Bornite commonly forms as a primary magmatic or hypogene hydrothermal sulfide in association with other copper sulfides and gangue minerals. Paragenetic sequences include primary precipitation from metal-rich fluids, replacement of earlier sulfides, and later supergene enrichment. Published paragenetic models appear in economic geology literature and case studies by university researchers and industry geologists working on porphyry copper and VMS deposits. Typical mineral associations include pyrite, chalcopyrite, covellite, digenite, sphalerite, galena, and gangue minerals such as quartz and calcite.
Bornite is an important copper ore mineral when present in sufficient concentration; it contributes to copper metal production alongside chalcopyrite, chalcocite, and other copper sulfides. Mining engineers and metallurgists from firms and research institutions have evaluated extraction and processing methods for bornite-bearing ores, including flotation, smelting, and hydrometallurgical techniques practiced by companies such as Anglo American, Rio Tinto Group, and Glencore. Historic and modern mining districts producing bornite-bearing ore are documented in reports by national mining agencies and international commodity assessments published by organizations like the International Copper Study Group.
Field identification relies on color, iridescent tarnish, metallic luster, and physical properties such as hardness and streak; hand-sample identification is supplemented by ore microscopy, X-ray diffraction analyses performed at academic and industrial laboratories, and electron microprobe studies at research facilities. Bornite is used primarily as an ore of copper; specimens are also sought by collectors and exhibited in museums and university collections. Educational materials and mineral guides from institutions such as the Natural History Museum, London and university geology departments illustrate identification criteria and economic contexts.

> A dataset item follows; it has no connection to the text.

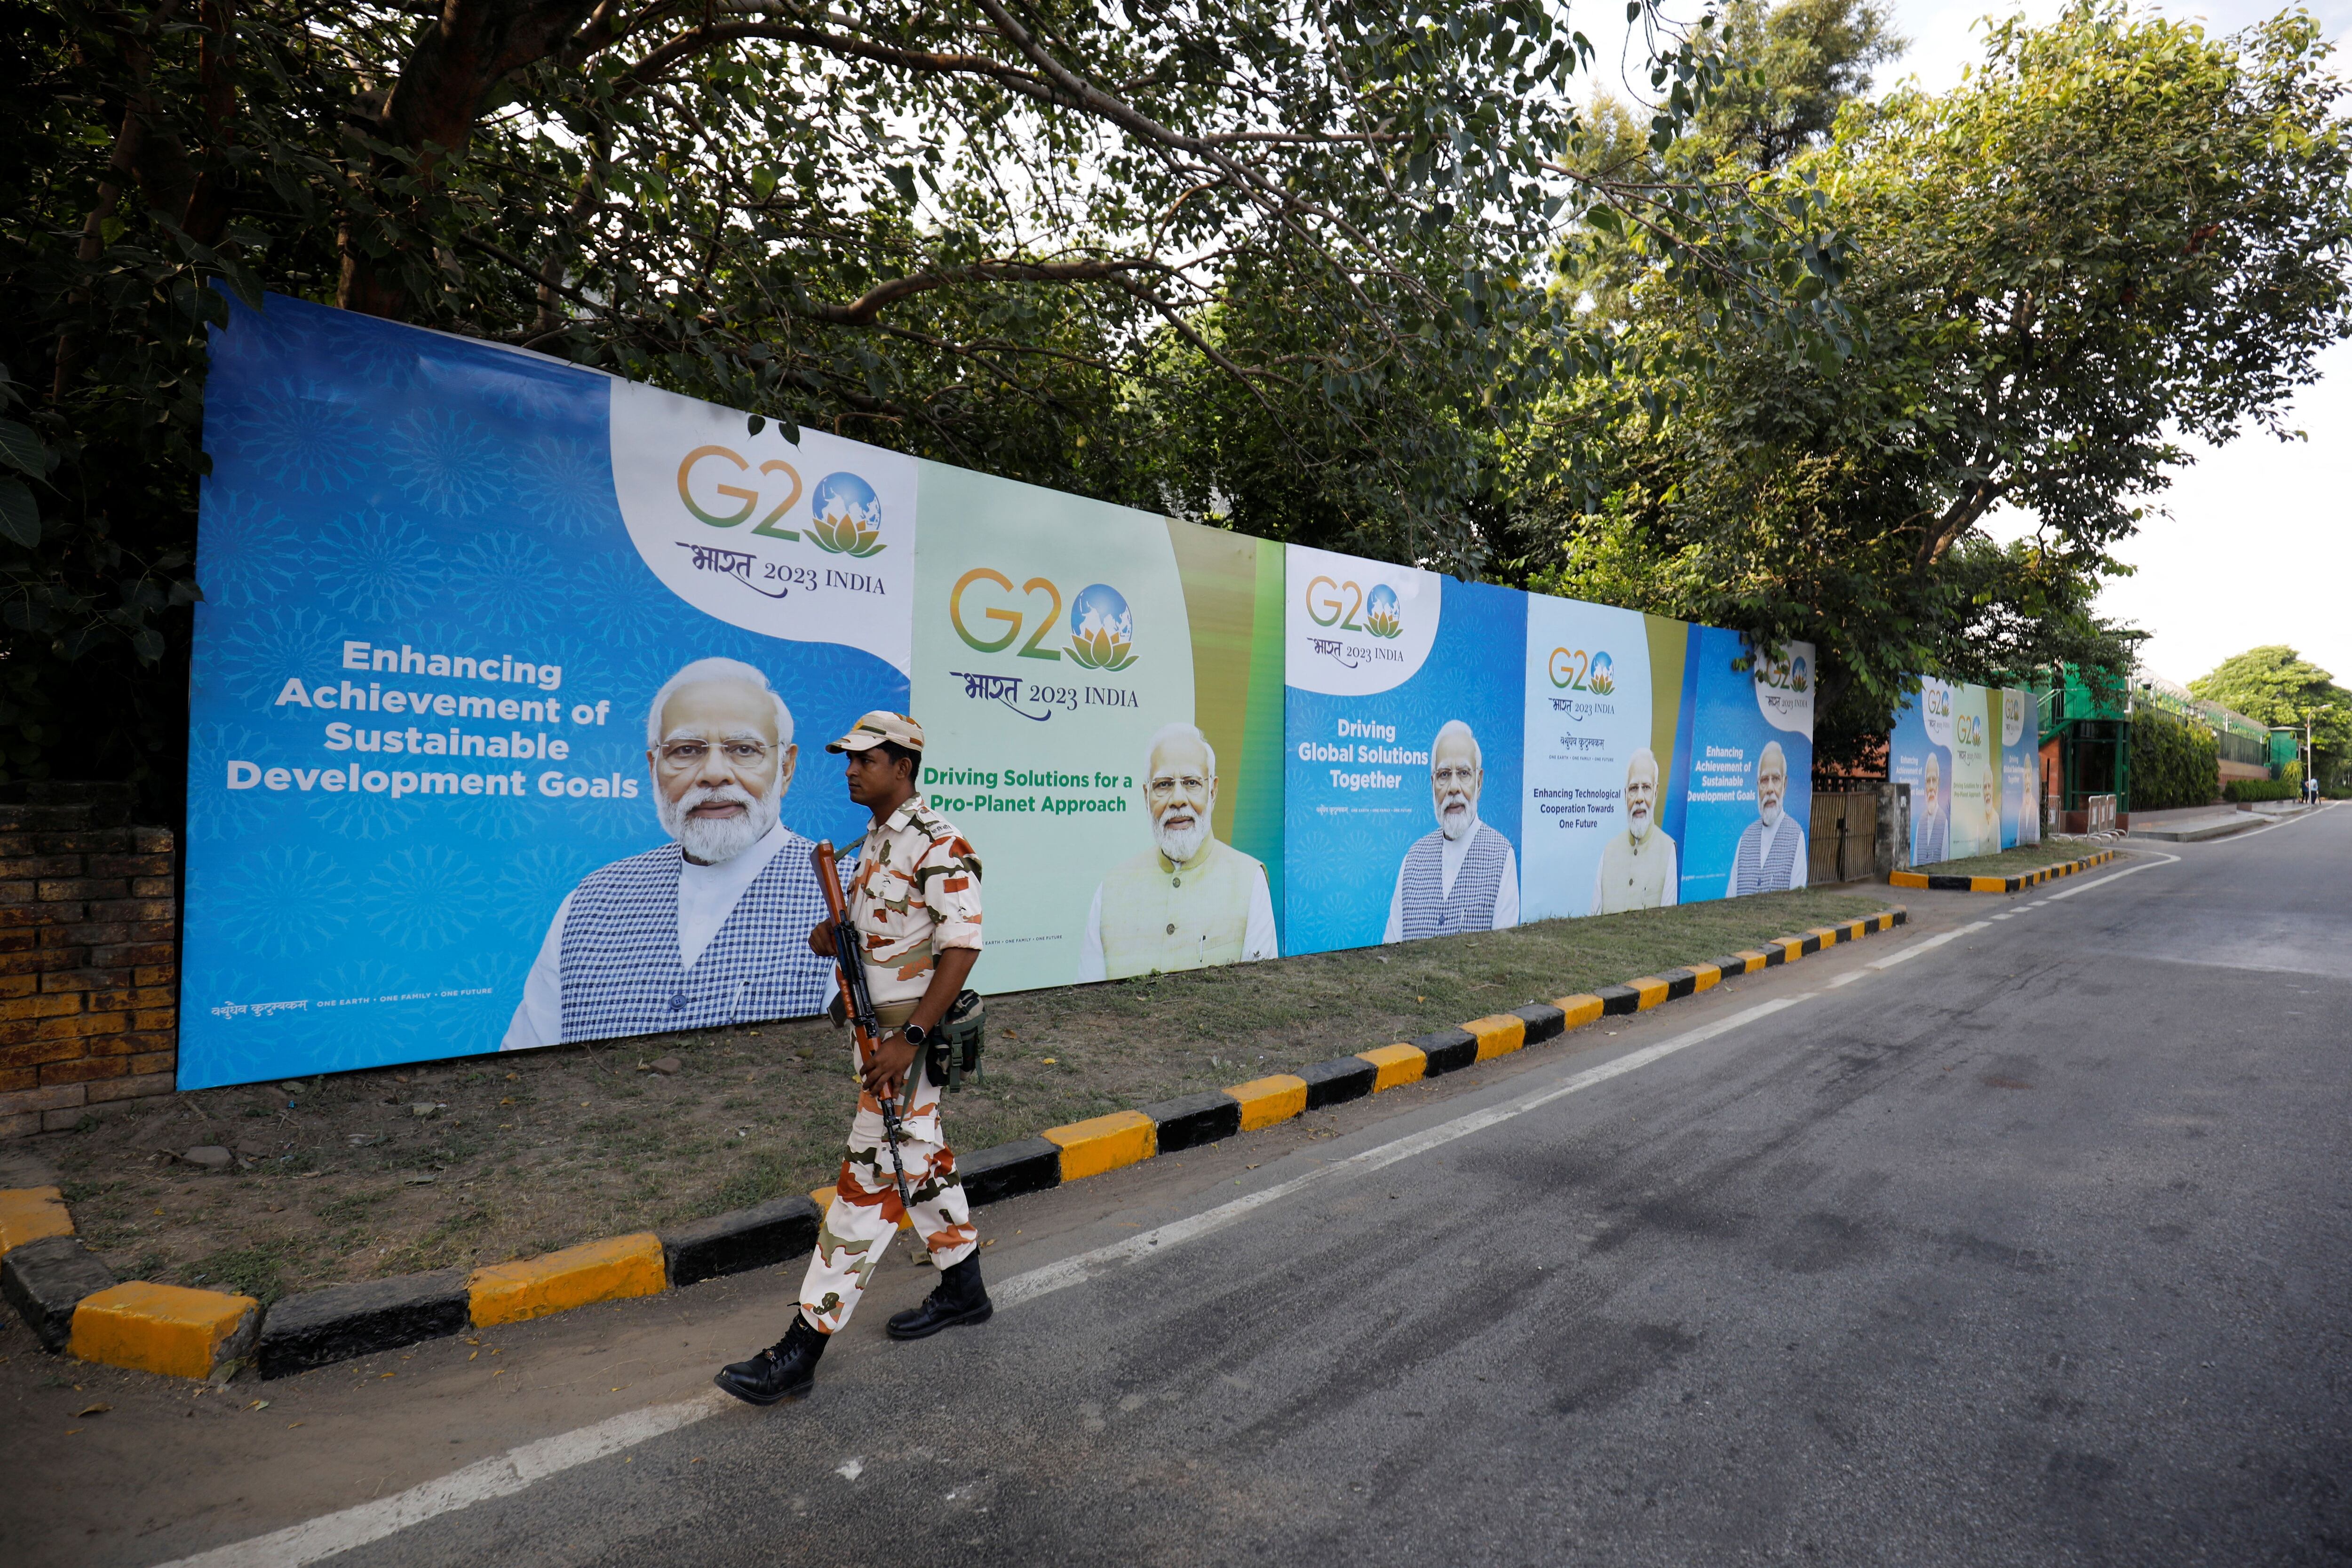 Un miembro de las fuerzas de seguridad patrulla junto a unas vallas en las que aparece el primer ministro indio, Narendra Modi, en una carretera vacía antes de la Cumbre del G20 en Nueva Delhi, India, 8 de septiembre de 2023. REUTERS/Amit Dave
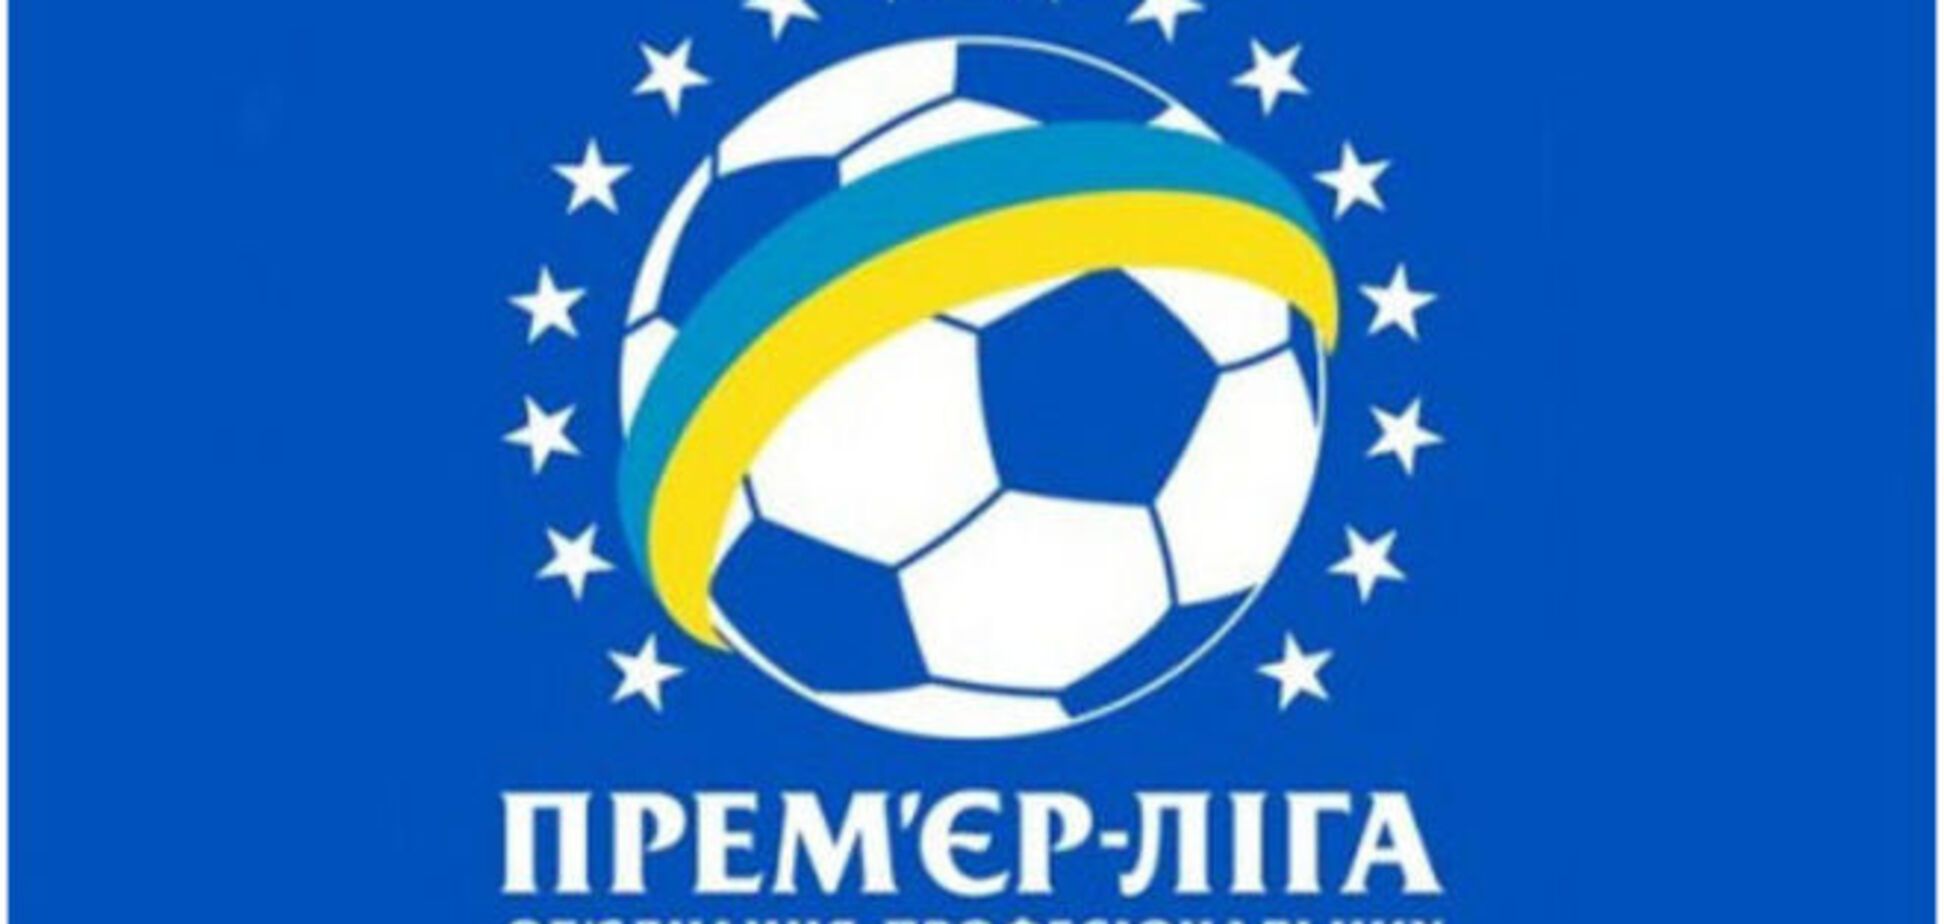 Неполуческу: затверджено формат чемпіонату України на сезон 2015/16

In weathering zones and supergene environments bornite commonly alters to secondary copper minerals including chalcocite, covellite, native copper, and various copper carbonates and sulfates such as azurite and malachite. Supergene enrichment can upgrade porphyry copper ores by remobilizing copper and precipitating higher-grade sulfides near the water table, a process described in economic geology texts and mining case studies. Geochemical mapping and alteration studies produced by geological surveys and academic research groups track the transformation pathways and environmental behavior of bornite in oxidizing near-surface conditions.